THE NEW YORK POST reminded its readers why President Trump won the election last November in a piece revealing that U.S. households paid more, on average, in personal taxes (federal, state and local income taxes) than for food and clothing combined last year. “The message taxpayers were getting from Hillary Clinton and the Democrats was: We don’t care about any of that,” explaining their vote for Trump.
“The average household’s 2016 tax bite was $10,489, a whopping 41 percent more than just three years earlier,” the Post reports, “Yet Americans shelled out just $7,203 for food and $1,803 for clothing on average, a total of just $9,006.
“That’s a little misleading,” said Rush Limbaugh, “because Americans don’t spend on taxes. They don’t have the option of spending money on taxes. You never see the money that goes to taxes. It is withheld.”
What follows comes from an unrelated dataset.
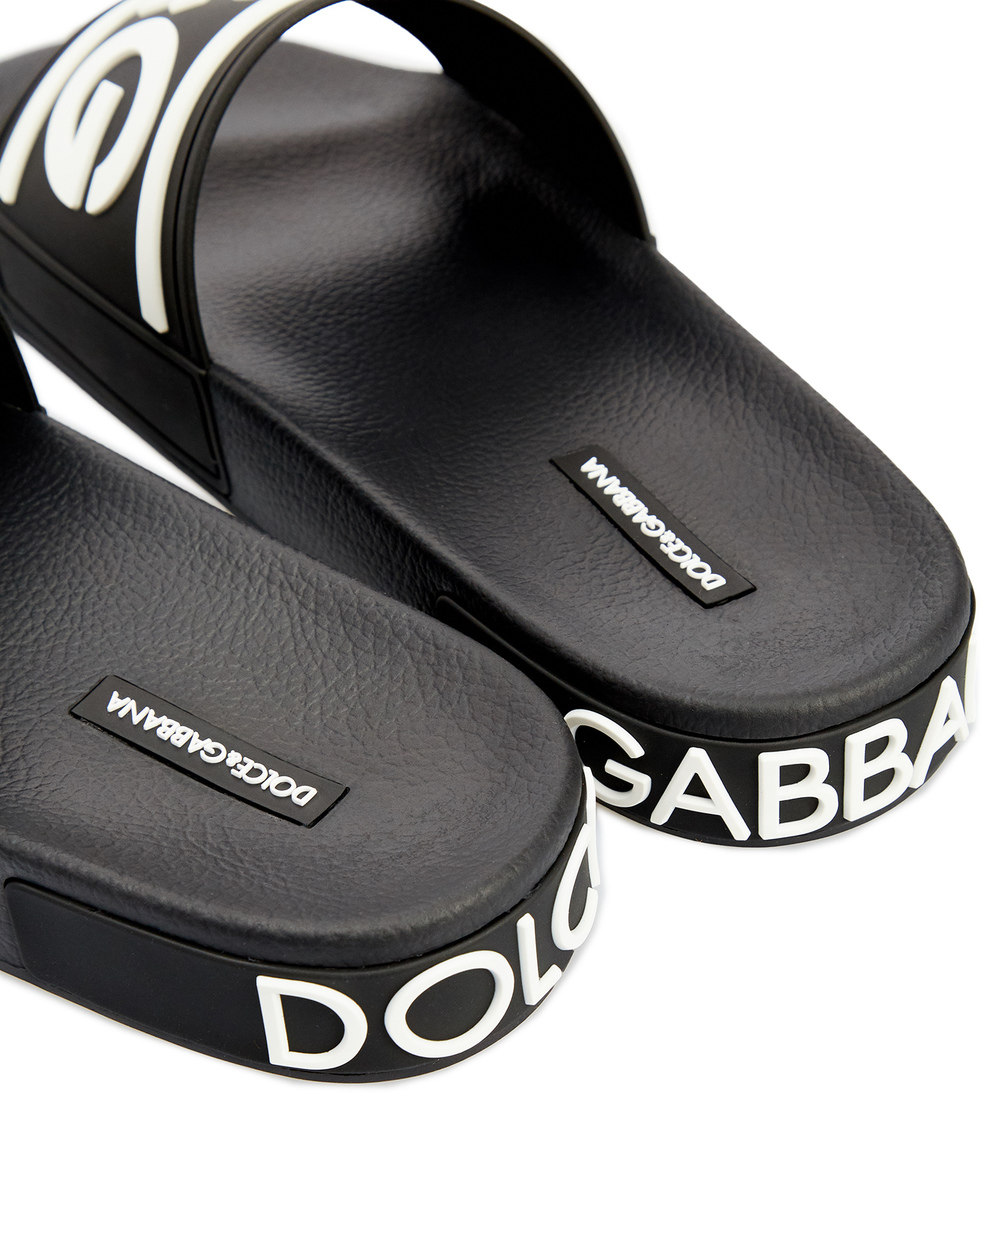 Слайдеры Dolce&Gabbana CS1991-AQ858, черный цвет • Купить в интернет-магазине Kameron
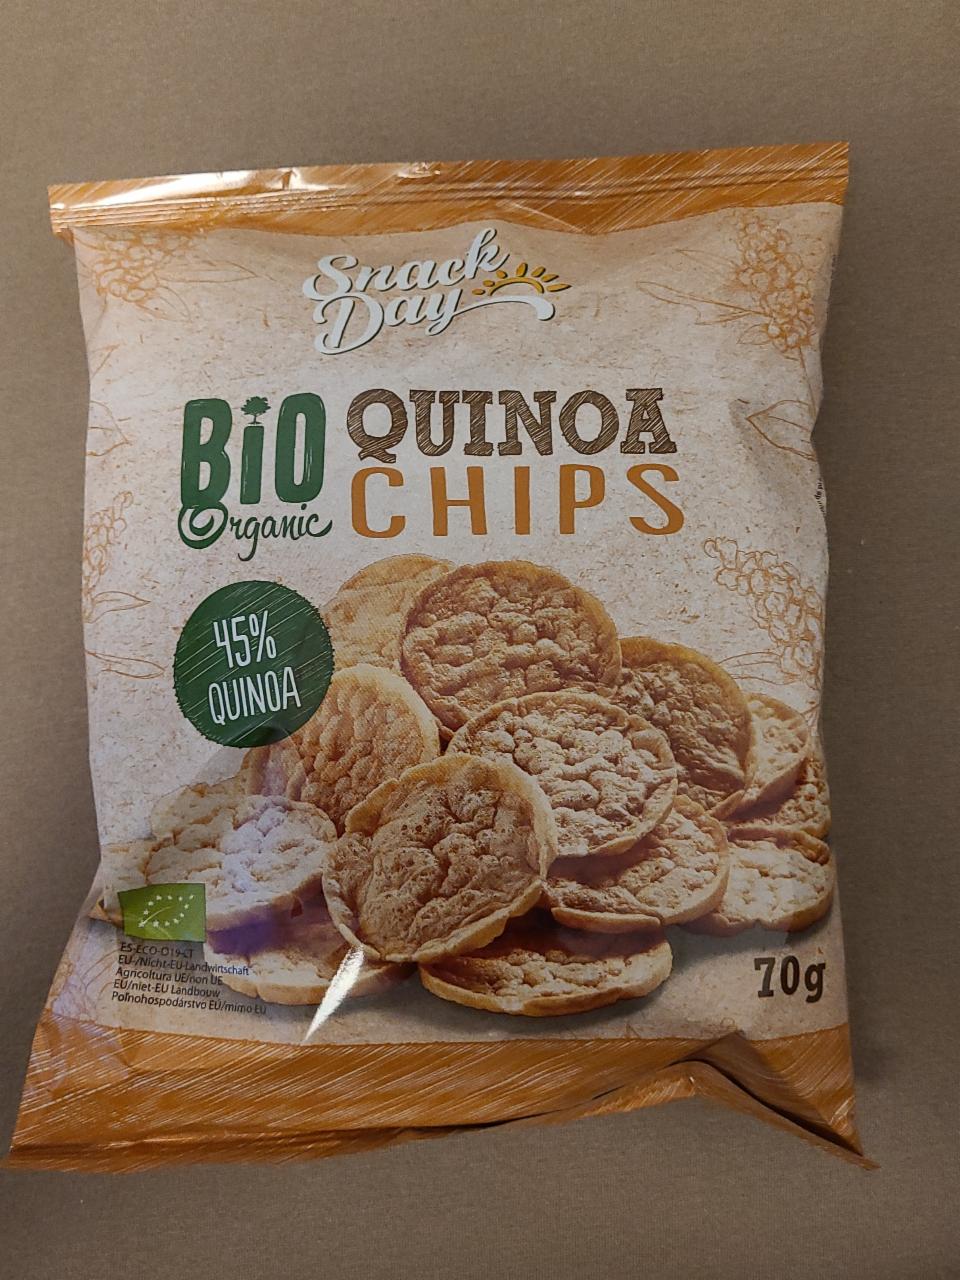 Fotografie - Quinoa chips Bio Organic Snack Day

YOU CAN EXPECT TAX CUTS to be in the news in the weeks ahead as Congress returns from recess. Readers of The Washington Post, however, will have to scour the pages for it. The Post put news of the revised GDP of 3 percent on page A-18. Ditto on CNN, where Brooke Baldwin quickly broke away from her interview with noted business writer and economist Stephen Moore when he began comparing the improvement over the Obama years.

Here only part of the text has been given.